Голос писателя-историка Анатолия Бухарина (1936–2010) хорошо знали на Южном Урале – несколько лет подряд он читал на челябинском радио свои новеллы. Уроженец золотоносного посёлка Пласт, в 127 км от Челябинска, сын старателя, проведший детство в землянке-«балагане», он жил трудно и честно. Даже фамилия ему мешала – приходилось доказывать, что к «любимцу партии» Николаю Бухарину он не имеет никакого отношения.

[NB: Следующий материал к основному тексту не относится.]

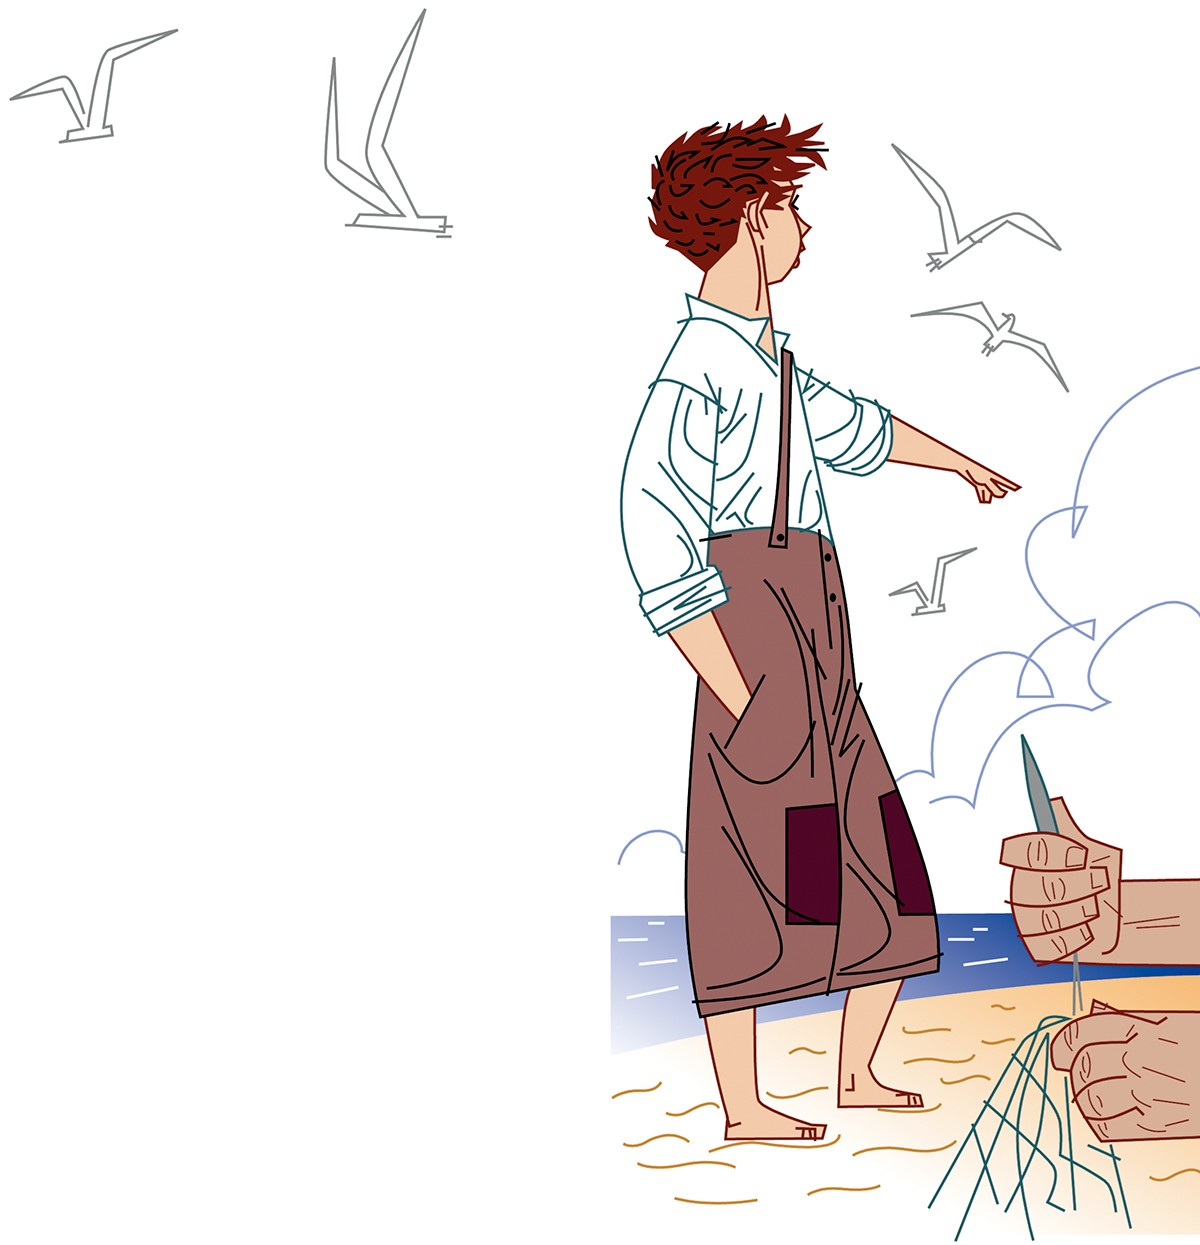 L'illa de les foques, Llucià Vallés, Paco Gimenez ilustracion, Timoner 6, SM

Учился в военном училище. Окончил исторический факультет Воронежского университета. Защитил диссертацию на звание кандидата исторических наук. Единственную книгу «Тропинка к Пушкину, или Думы о русском самостоянии», изданную в Челябинске Игорем Розиным тиражом всего 100 экземпляров, автор так и не успел подержать в руках. «ЛГ» представляет читателю тонкие и светлые миниатюры Анатолия Бухарина.
СВЕТ НЕВЕЧЕРНИЙ
У Алого поля в троллейбус вошла женщина в сером. Показала проездной и села у окна впереди меня. В эту же минуту к ней ринулась другая, с жаром полушёпотом воскликнув:
– Машенька! Милая, что с тобой? На тебе лица нет!

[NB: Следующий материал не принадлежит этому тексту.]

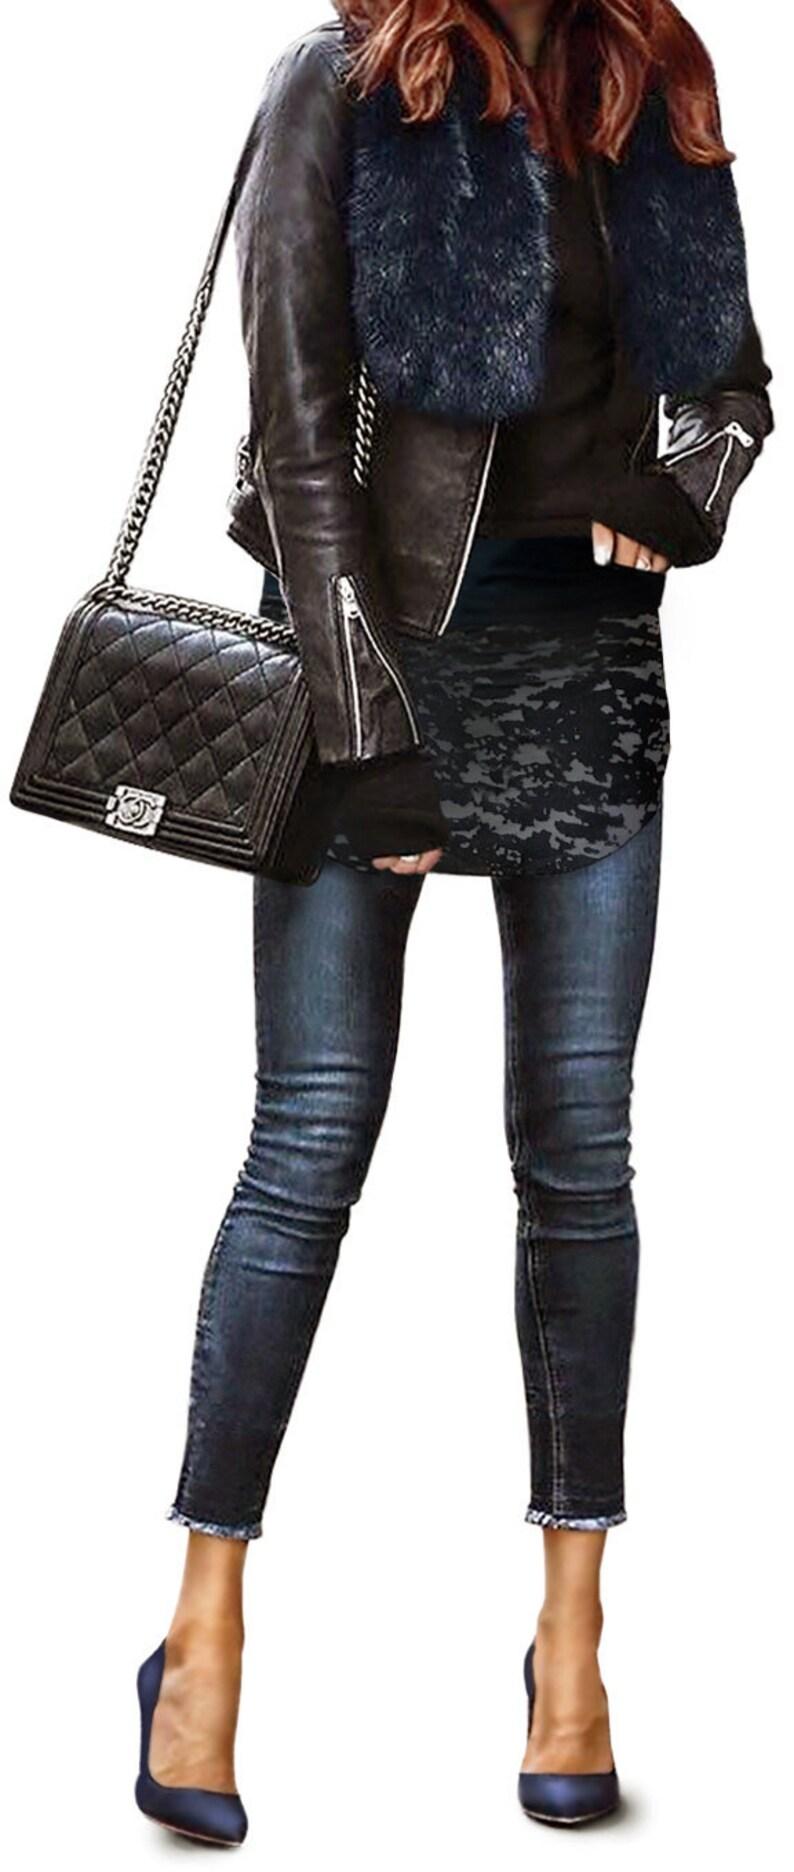 Isabella Wrapalini Booty Shawl  shirt extender pixie skirt image 0

Женщина в сером повернулась к знакомой и, медленно роняя слова, выдохнула:
– Он ушёл. Ушёл и свет унёс.
НАГАЯ БАБА
Погода нелётная, и мы томимся в аэропорту в ожидании рейса. Рядом со мной, скинув на плечи пуховые платки, ведут неспешный разговор две женщины. Прислушался. Речь идёт о снохах:
– И чего ей надо было? Квартира, машина, деньги – только манна небесная не сыпалась. А ведь ушла, подлая, от Ивана с дитём на частную квартиру, да ещё и радуется.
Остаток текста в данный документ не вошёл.